7.1.1 Closing shall occur on or before thirty (30) days after the Inspection Date, through escrow with Escrow Agent or such other place as is mutually agreeable to Seller and Purchaser. Seller and Purchaser acknowledge that the transaction contemplated hereunder shall be closed by delivering executed documents and the other closing deliveries required under Section 7 hereof to Escrow Agent. Said deliveries shall be held by Escrow Agent pending the satisfaction of (i) the other conditions to Closing contained herein; and (ii) any written escrow instructions delivered by Seller or Purchaser to Escrow Agent.

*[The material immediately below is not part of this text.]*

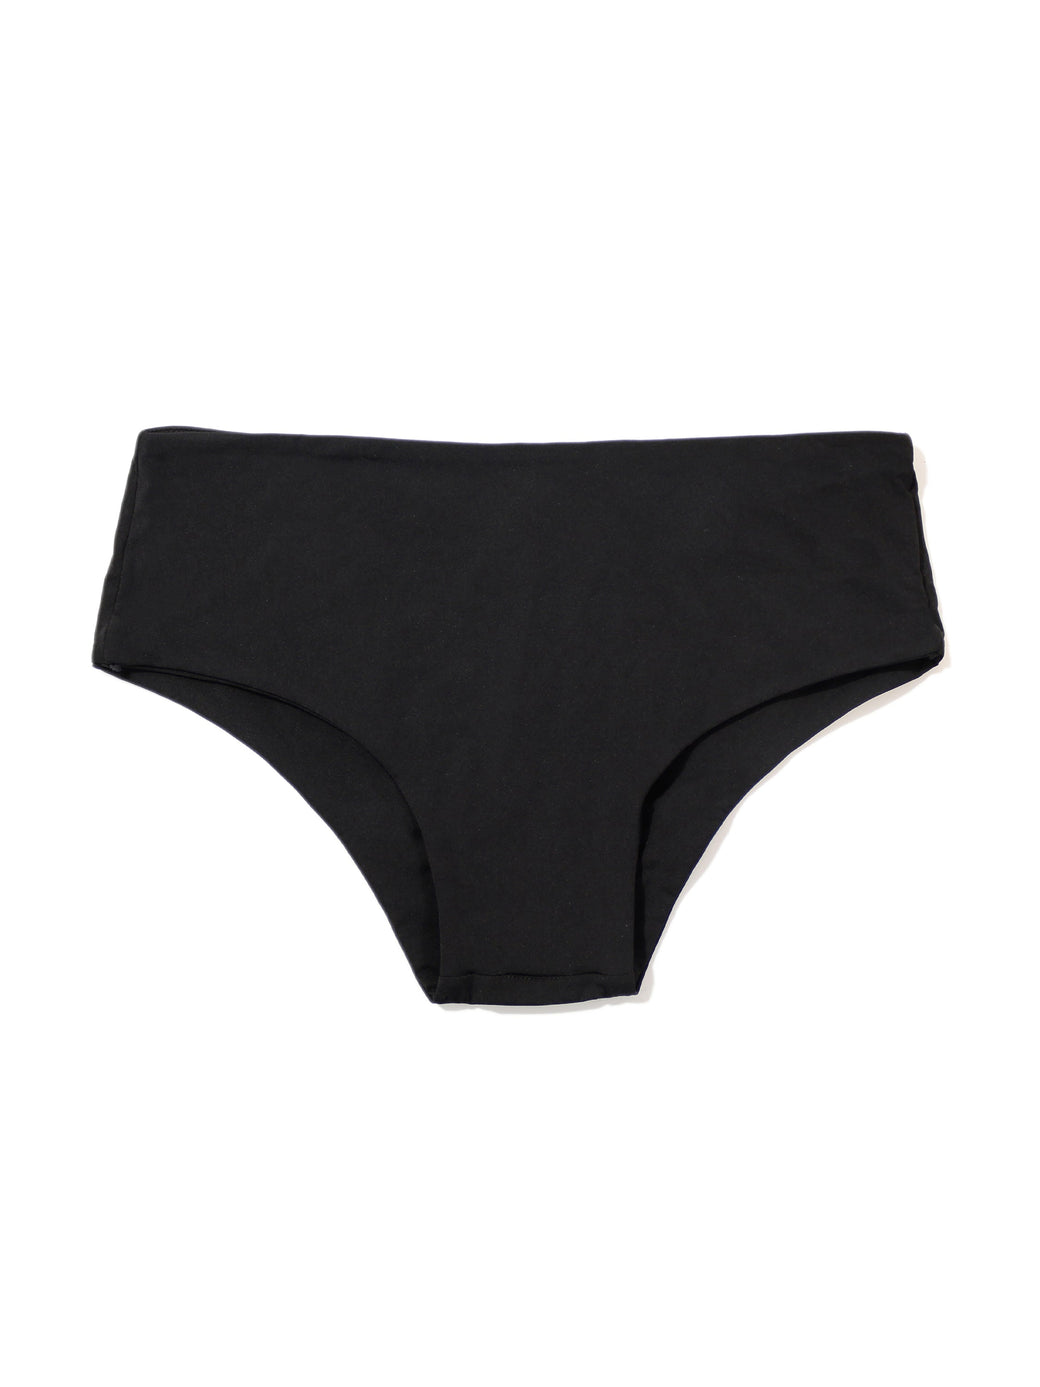 Boyshort Swimsuit Bottom Black

7.1.2 Purchaser shall have two (2) options to extend the Closing Date for an additional thirty (30) days each (each an “Extension Option” and collectively, the “Extension Options”). Purchaser may exercise its first Extension Option by providing written notice to Seller not less than five (5) business days prior to the originally scheduled Closing Date and by simultaneously depositing an additional One Hundred Fifty Thousand and No/100 Dollars ($150,000.00) with Escrow Agent as an Additional Earnest Money Deposit. Purchaser may exercise its second Extension Option by providing written notice to Seller not less than five (5) business days prior to the Closing Date as extended, and by simultaneously depositing an additional Two Hundred Fifty Thousand and No/100 Dollars ($250,000.00) with Escrow Agent as an Additional Earnest Money Deposit.

7.2 Deliveries At Closing. On the Closing Date, Closing shall occur as follows, subject to satisfaction of all of the terms and conditions of this Agreement:

7.2.1 Seller shall convey the Property to Purchaser free and clear of liens, claims and encumbrances other than the Permitted Exceptions, by a limited warranty deed (the “Deed”) in the form attached hereto as Exhibit “7.2.1” and incorporated herein by this reference, duly executed, witnessed and notarized and in recordable form (together with any required transfer tax or documentary declarations therefore). The legal descriptions of real property set forth in the Deed shall be based upon and conform to the applicable record title legal description contained in Seller’s respective vesting deed. If requested by Purchaser, Seller shall deliver to Purchaser a quitclaim deed for the Property in form and substance reasonably satisfactory to Seller for any legal descriptions shown on Purchaser’s surveys of the Property.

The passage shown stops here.